►
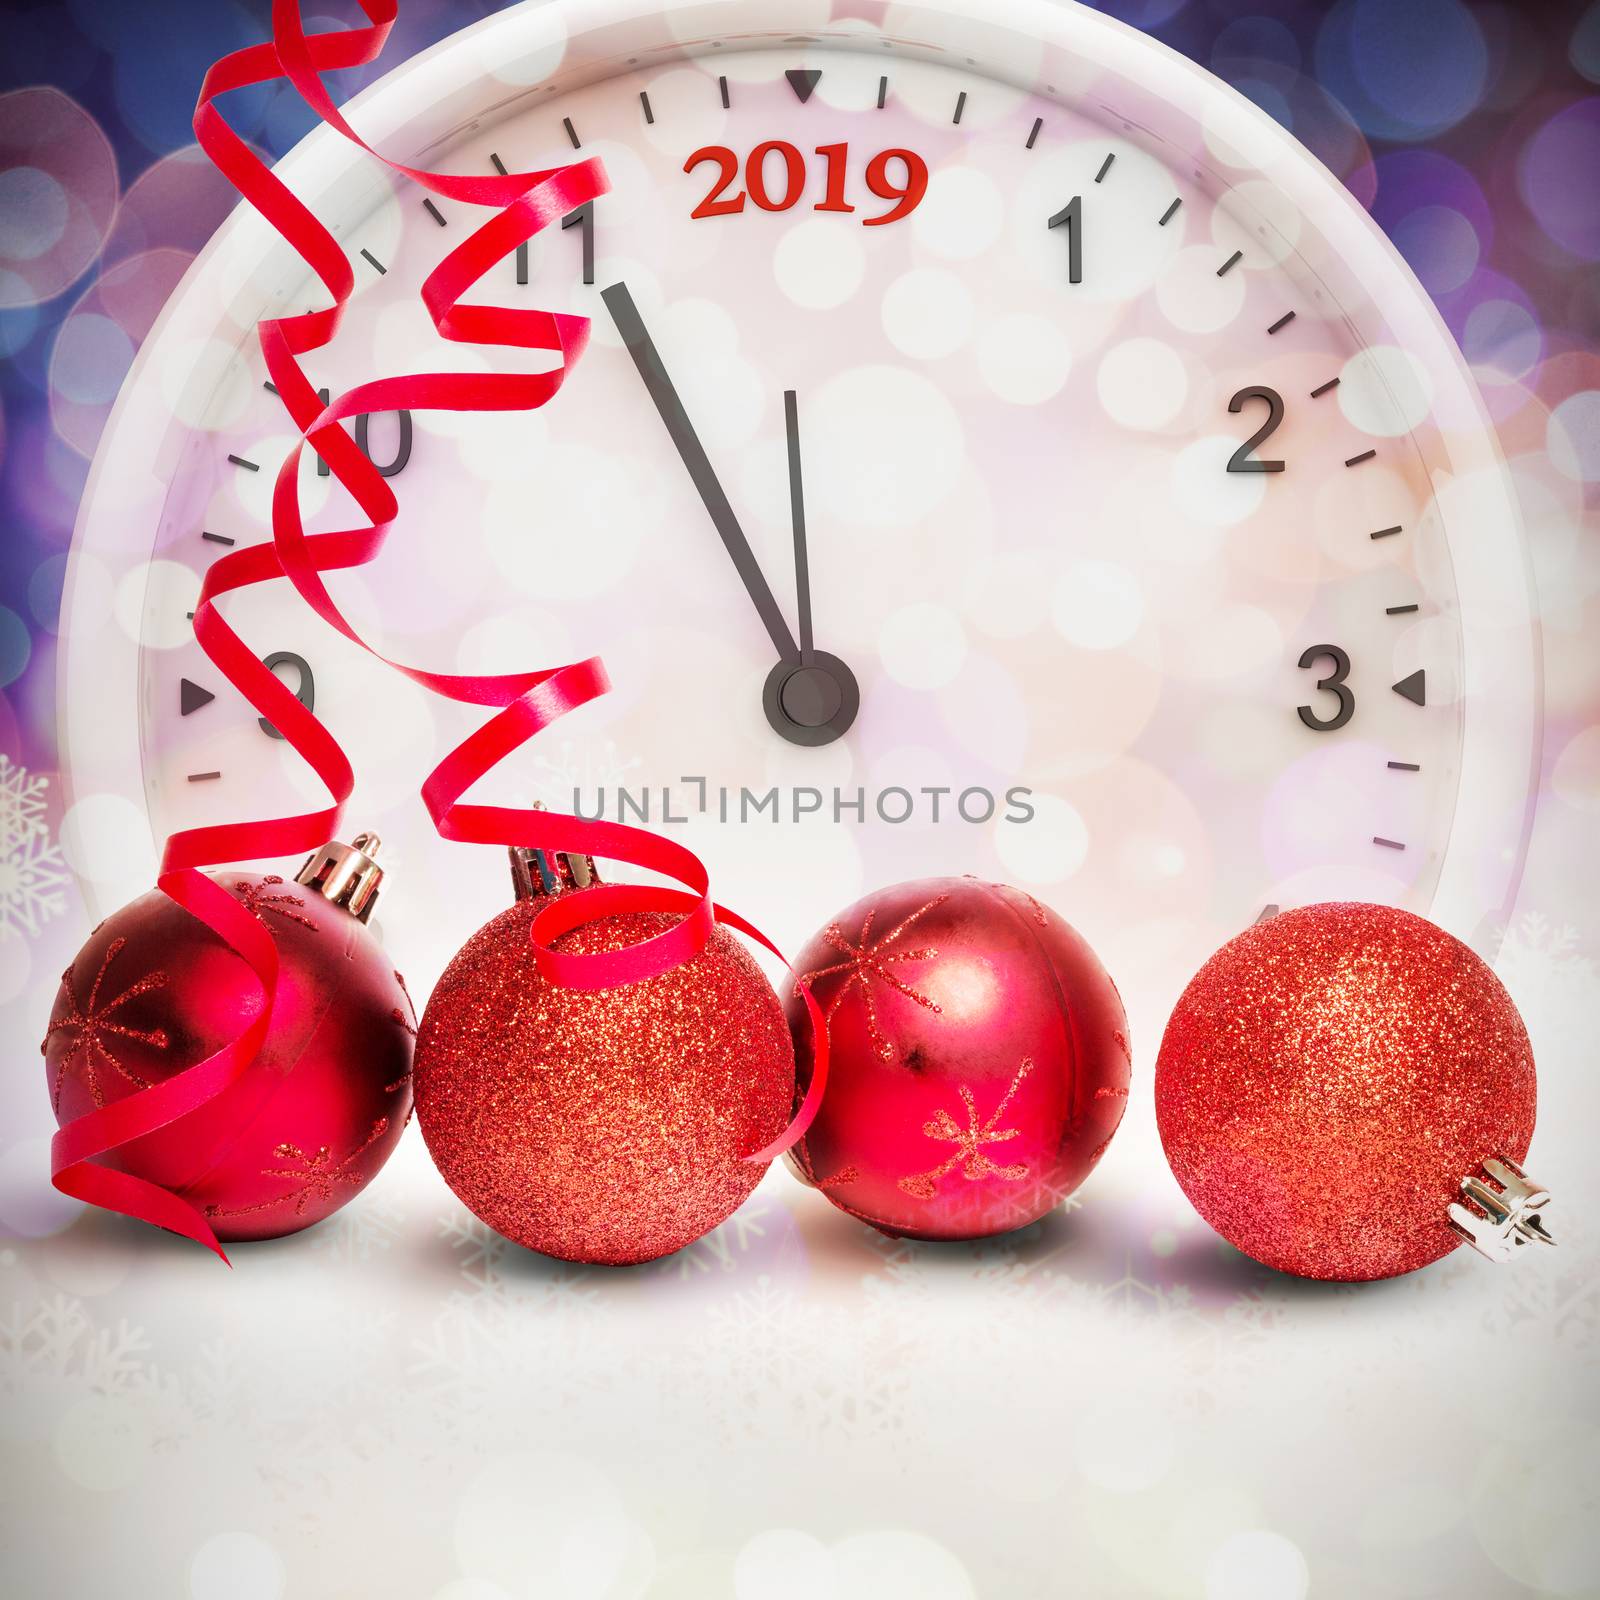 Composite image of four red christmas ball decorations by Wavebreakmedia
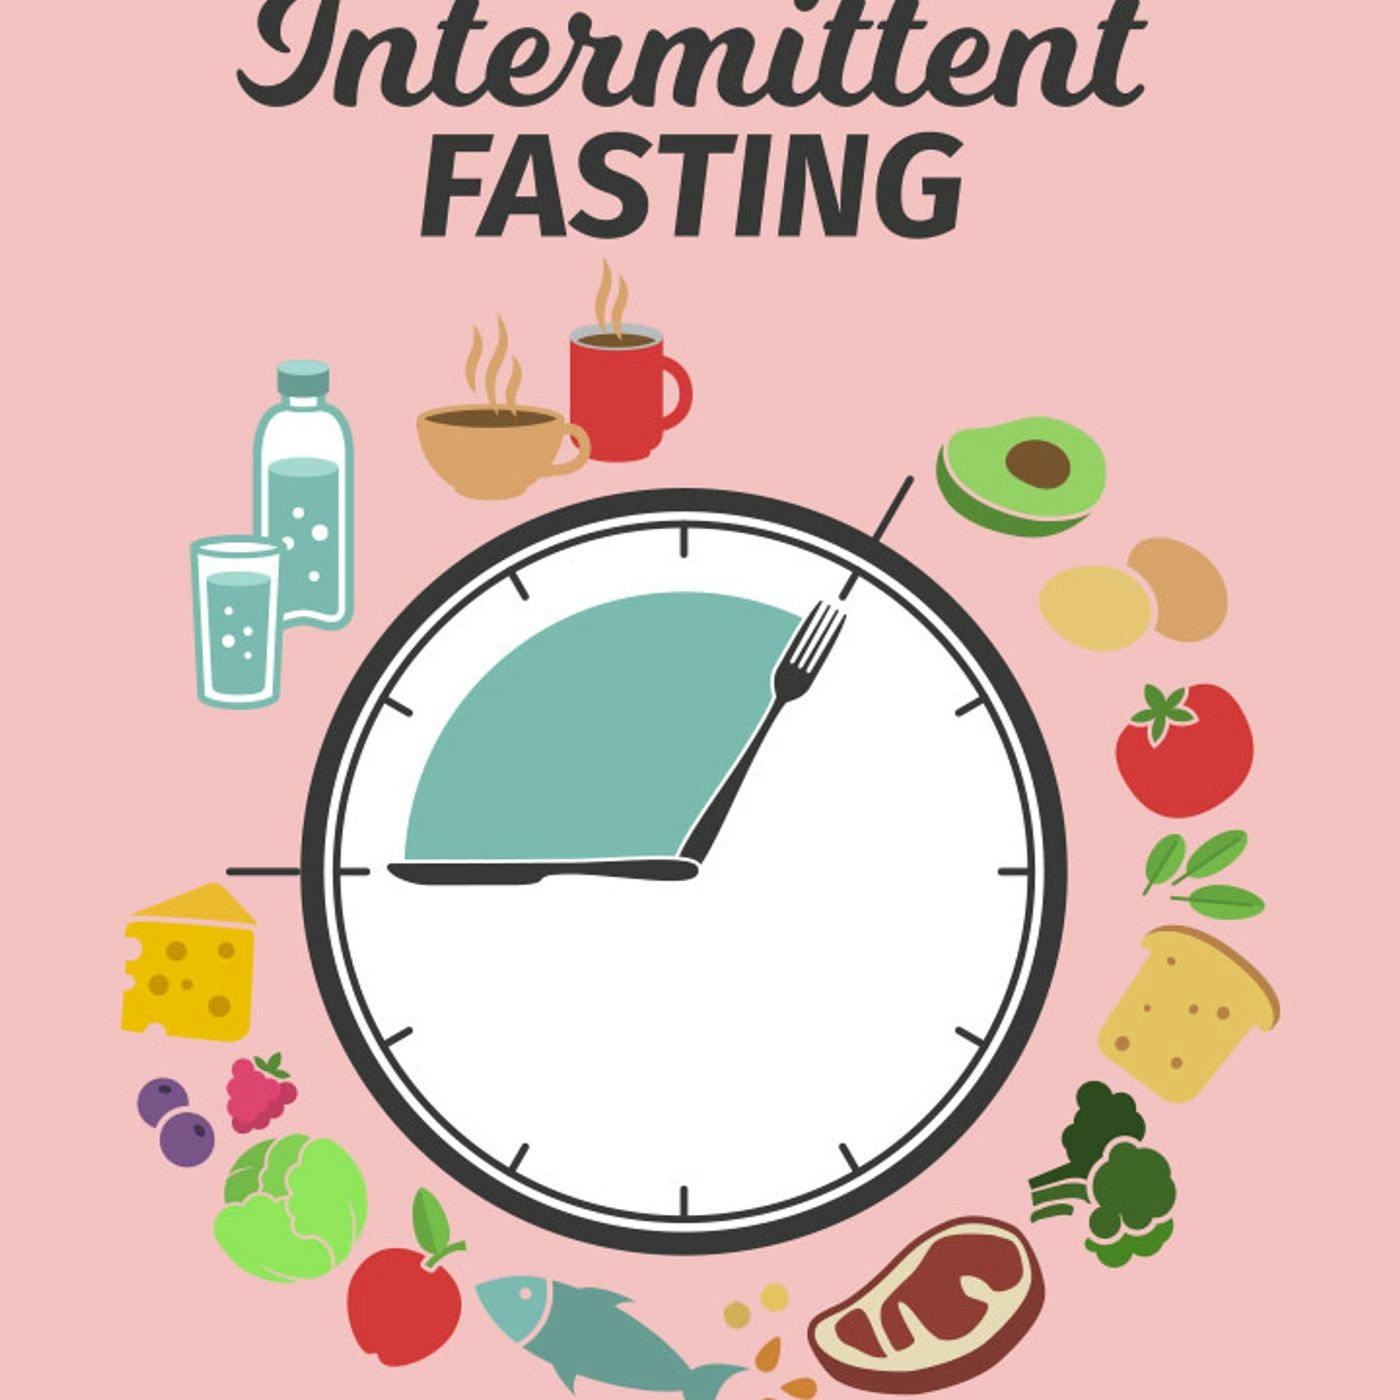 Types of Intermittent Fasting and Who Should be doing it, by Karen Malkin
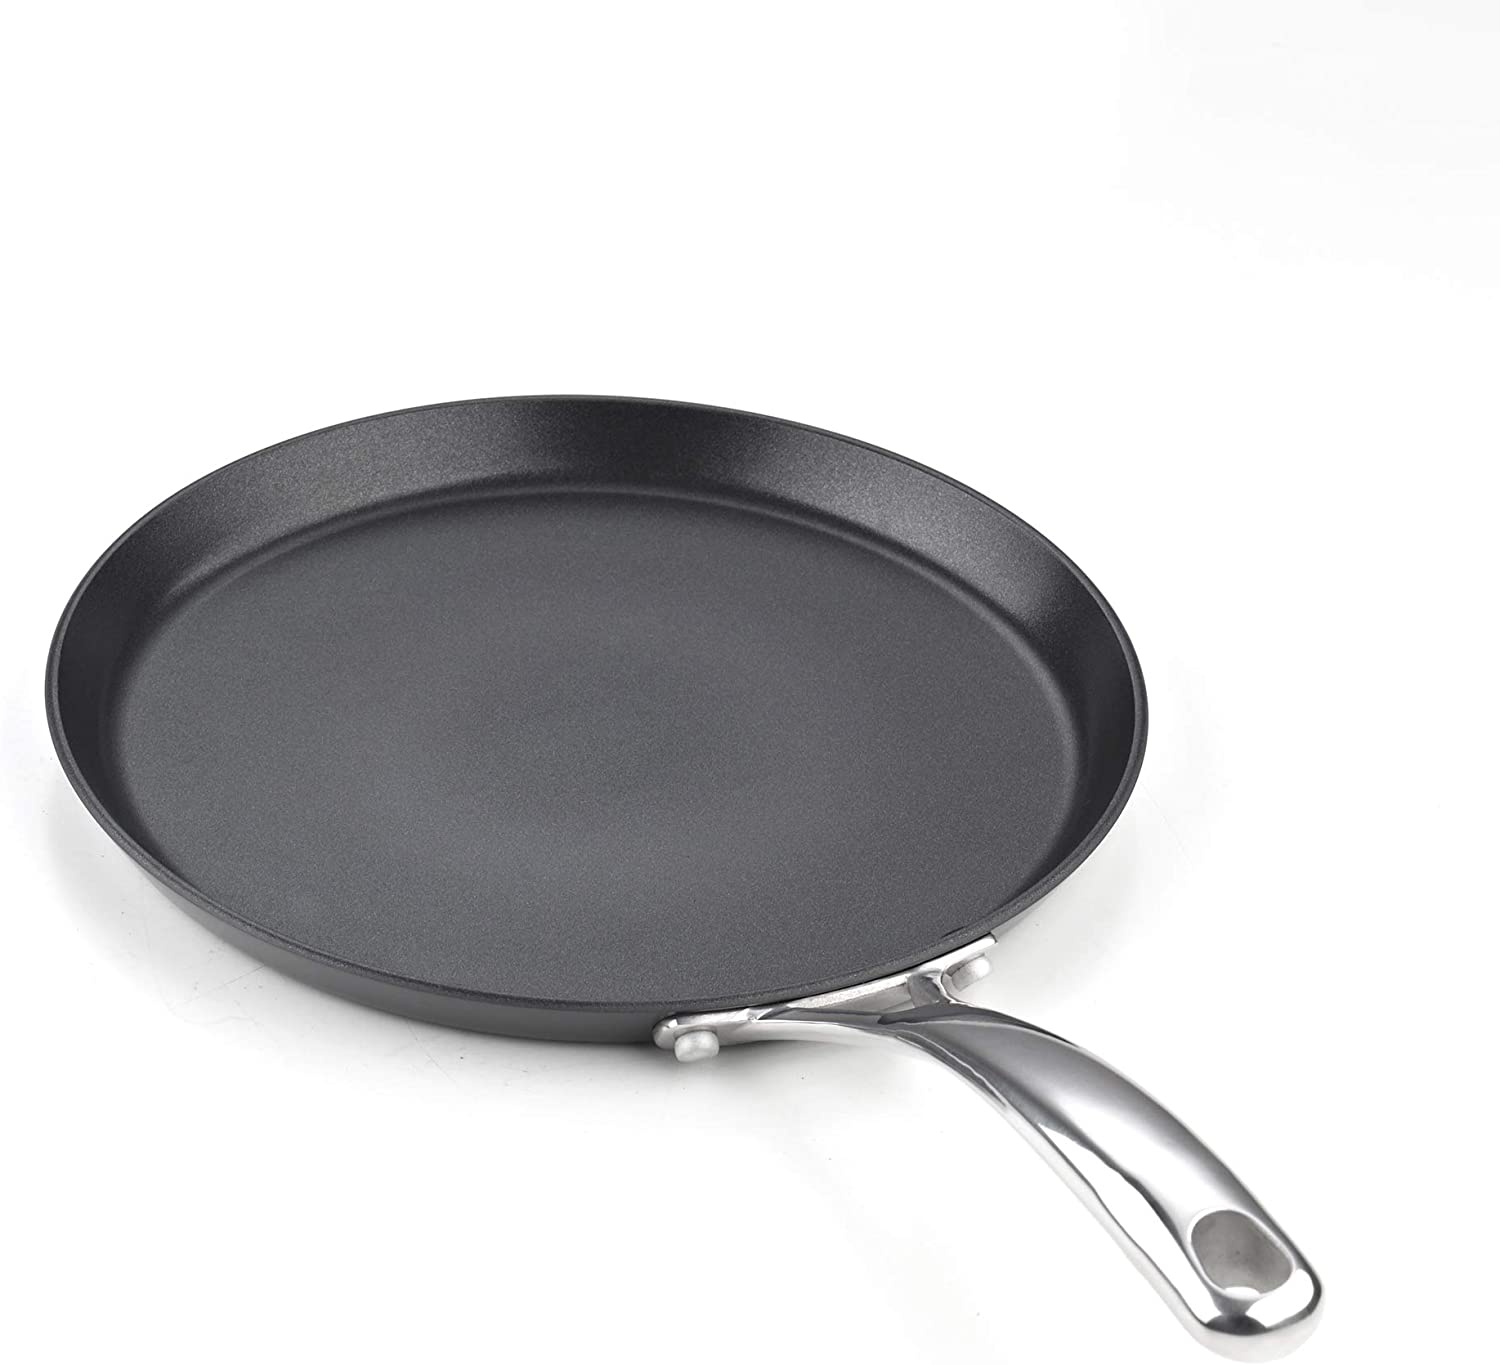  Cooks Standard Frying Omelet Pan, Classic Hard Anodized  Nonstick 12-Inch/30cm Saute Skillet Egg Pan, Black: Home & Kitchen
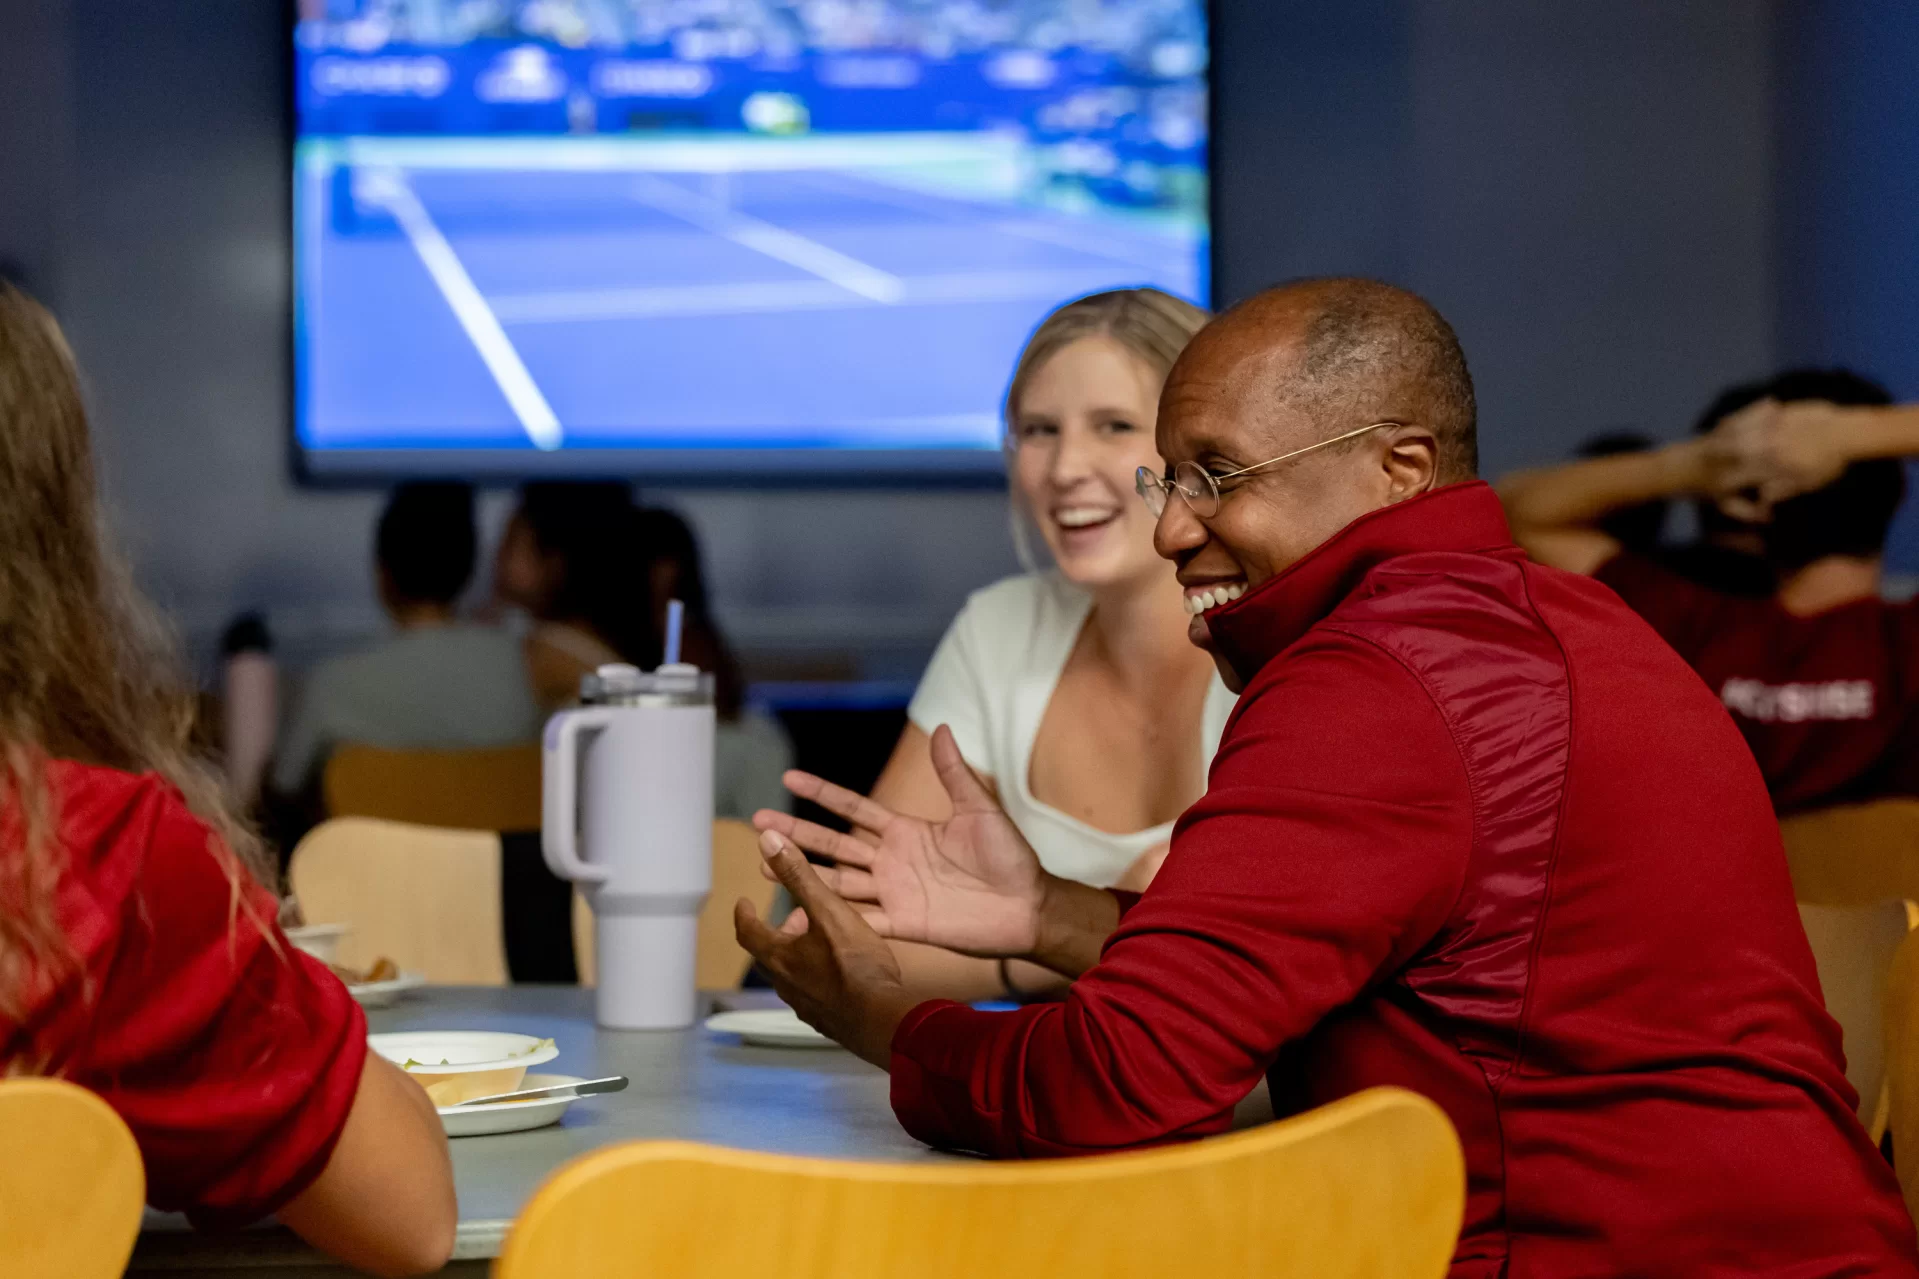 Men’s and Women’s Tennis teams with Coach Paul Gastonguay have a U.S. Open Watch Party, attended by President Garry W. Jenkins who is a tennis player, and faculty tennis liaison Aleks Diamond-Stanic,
◄
Print all data above verbatim, except pictures.

_COMPLETED TASK_
 Composite image of four red christmas ball decorations by Wavebreakmedia
 Types of Intermittent Fasting and Who Should be doing it, by Karen Malkin
  Cooks Standard Frying Omelet Pan, Classic Hard Anodized  Nonstick 12-Inch/30cm Saute Skillet Egg Pan, Black: Home & Kitchen
 Men’s and Women’s Tennis teams with Coach Paul Gastonguay have a U.S. Open Watch Party, attended by President Garry W. Jenkins who is a tennis player, and faculty tennis liaison Aleks Diamond-Stanic,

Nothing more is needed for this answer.